While configuring and make mdrun / make install-mdrun no errors came
up.
Is there some issue with threading or mpi?
If someone has a clue please give me a hint.
integrator = md
dt = 0.004
nsteps = 25000000
nstxout = 0
nstvout = 0
nstlog = 250000
nstenergy = 250000
nstxtcout = 12500
xtc_grps = protein
energygrps = protein non-protein
nstlist = 2
ns_type = grid
rlist = 0.9
coulombtype = PME
rcoulomb = 0.9
fourierspacing = 0.12
pme_order = 4
ewald_rtol = 1e-5
rvdw = 0.9
pbc = xyz
periodic_molecules = yes
tcoupl = nose-hoover
nsttcouple = 1
tc-grps = protein non-protein
tau_t = 0.1 0.1
ref_t = 310 310
Pcoupl = no
gen_vel = yes
gen_temp = 310
gen_seed = 173529
constraints = all-bonds
Error:
Getting Loaded...
Reading file full031K_mdrun_ions.tpr, VERSION 4.5.3 (single precision)
Loaded with Money
NOTE: The load imbalance in PME FFT and solve is 48%.

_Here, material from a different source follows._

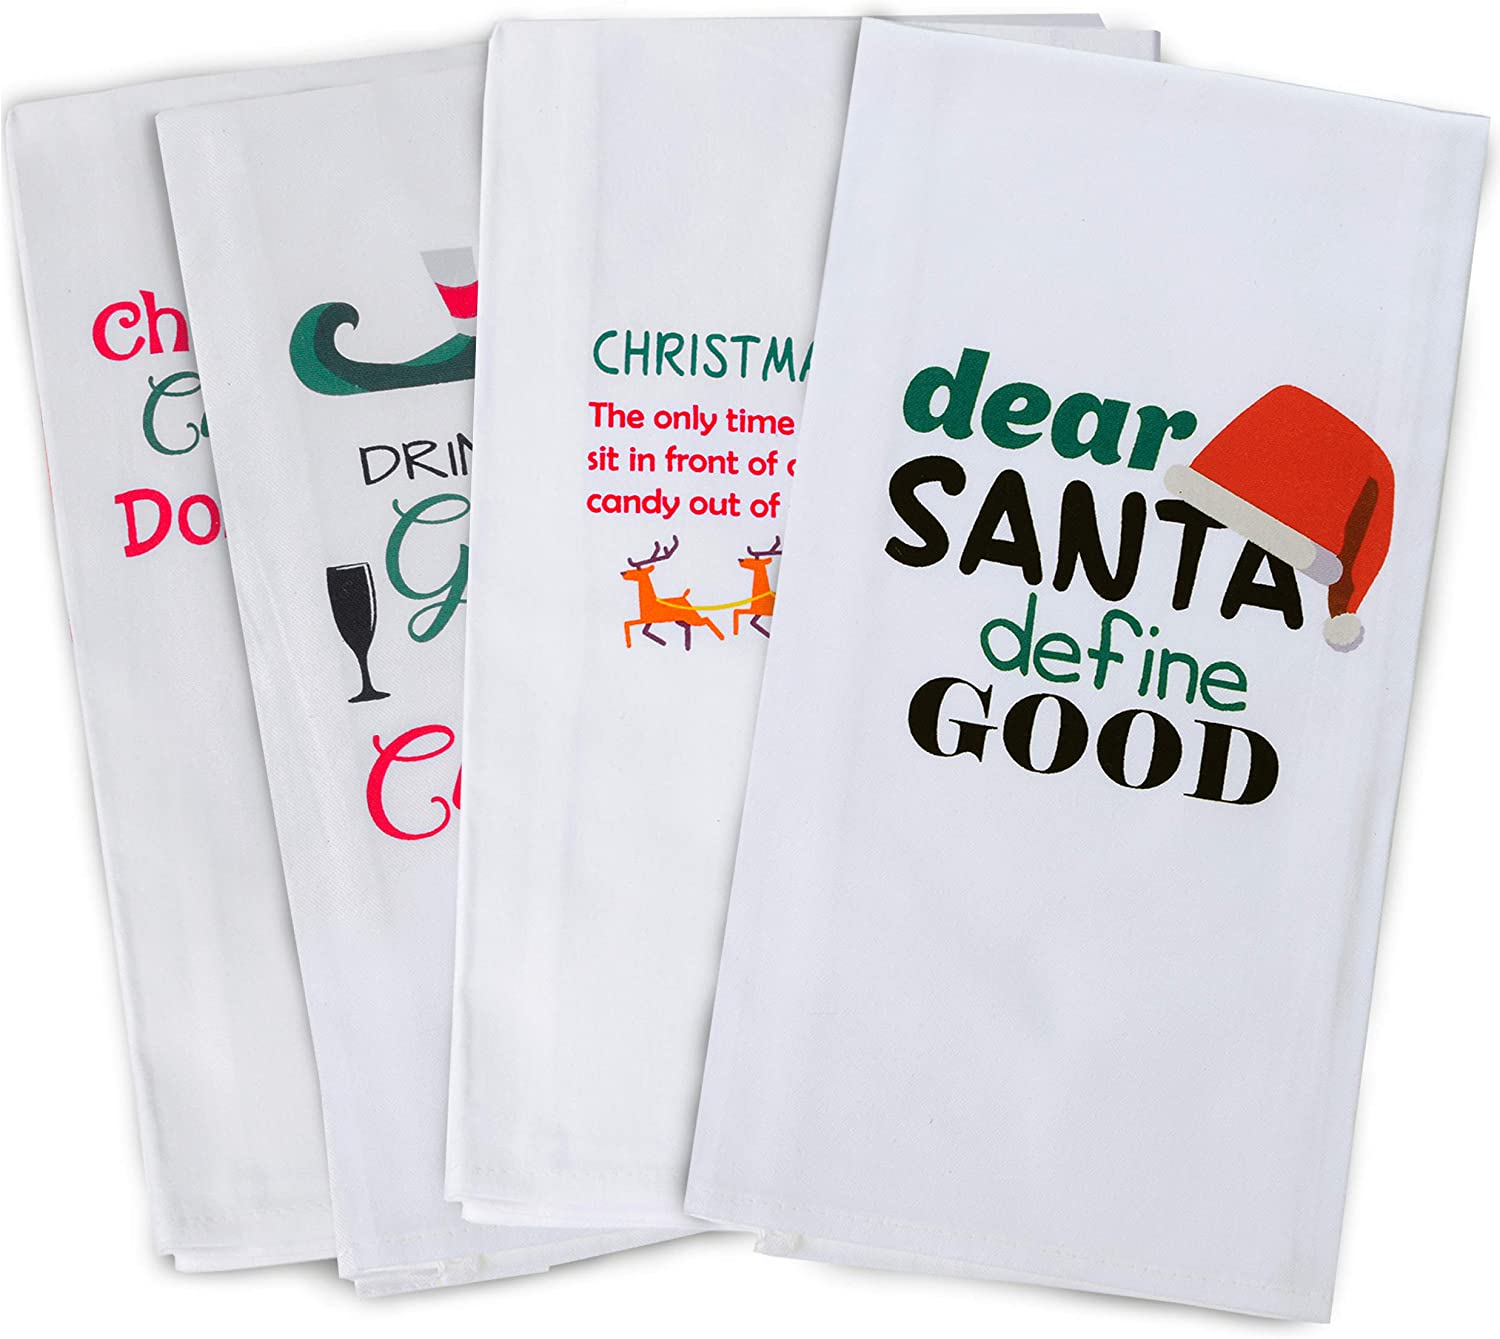  Kitcha Funny Kitchen Towels and Dishcloths Sets of 4, Unique  Funny Dish Towels with Sayings, Perfect for Housewarming Gifts New Home
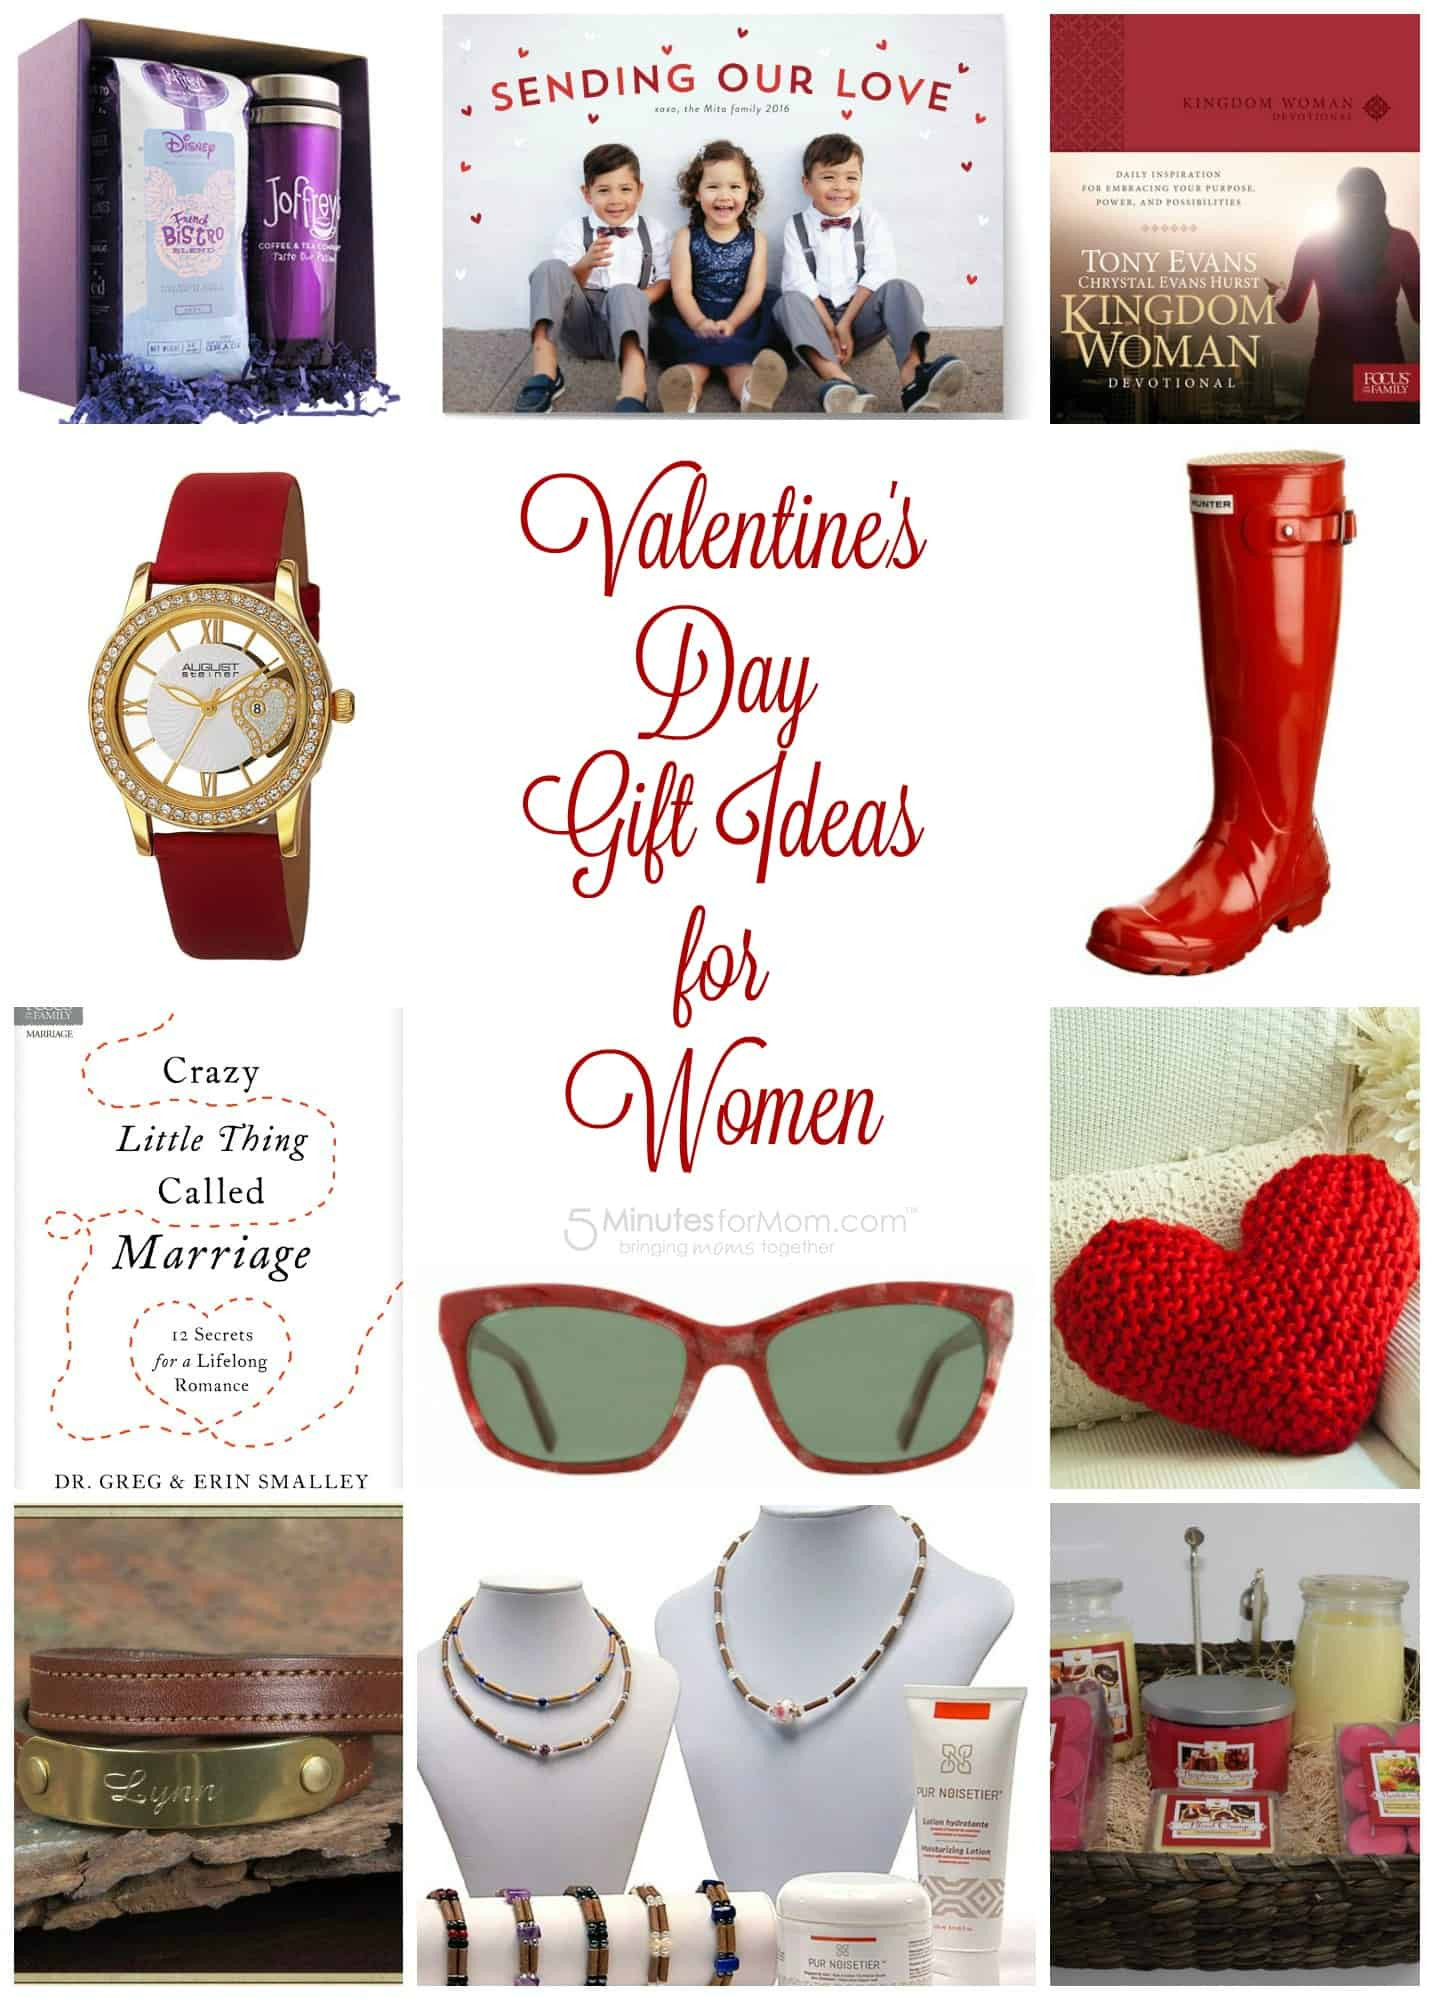 Valentines Gift Ideas for Women Awesome Valentine S Day Gift Guide for Women Plus $100 Amazon

For optimal PME load balancing
PME grid_x (144) and grid_y (144) should be divisible by #PME_nodes_x
(128)
and PME grid_y (144) and grid_z (144) should be divisible by
#PME_nodes_y (1)
Step 0, time 0 (ps)
PSIlogger: Child with rank 82 exited on signal 11: Segmentation fault
PSIlogger: Child with rank 79 exited on signal 11: Segmentation fault
PSIlogger: Child with rank 2 exited on signal 11: Segmentation fault
PSIlogger: Child with rank 1 exited on signal 11: Segmentation fault
PSIlogger: Child with rank 100 exited on signal 11: Segmentation fault
PSIlogger: Child with rank 97 exited on signal 11: Segmentation fault
PSIlogger: Child with rank 98 exited on signal 11: Segmentation fault
PSIlogger: Child with rank 96 exited on signal 6: Aborted
...
Ps, for now I don't care about the imbalanced PME load unless it's independent
from my problem.
Cheers
André
------------------------------------------------------------------------------------------------
------------------------------------------------------------------------------------------------
Forschungszentrum Juelich GmbH
52425 Juelich
Sitz der Gesellschaft: Juelich
Eingetragen im Handelsregister des Amtsgerichts Dueren Nr. HR B 3498
Vorsitzender des Aufsichtsrats: MinDirig Dr. Karl Eugen Huthmacher
Geschaeftsfuehrung: Prof. Dr. Achim Bachem (Vorsitzender),
Dr. Ulrich Krafft (stellv. Vorsitzender), Prof. Dr.-Ing. Harald Bolt,
Prof. Dr. Sebastian M. Schmidt
------------------------------------------------------------------------------------------------
------------------------------------------------------------------------------------------------
--
gmx-users mailing list gmx-users@gromacs.org
http://lists.gromacs.org/mailman/listinfo/gmx-users
Please search the archive at
http://www.gromacs.org/Support/Mailing_Lists/Search before posting!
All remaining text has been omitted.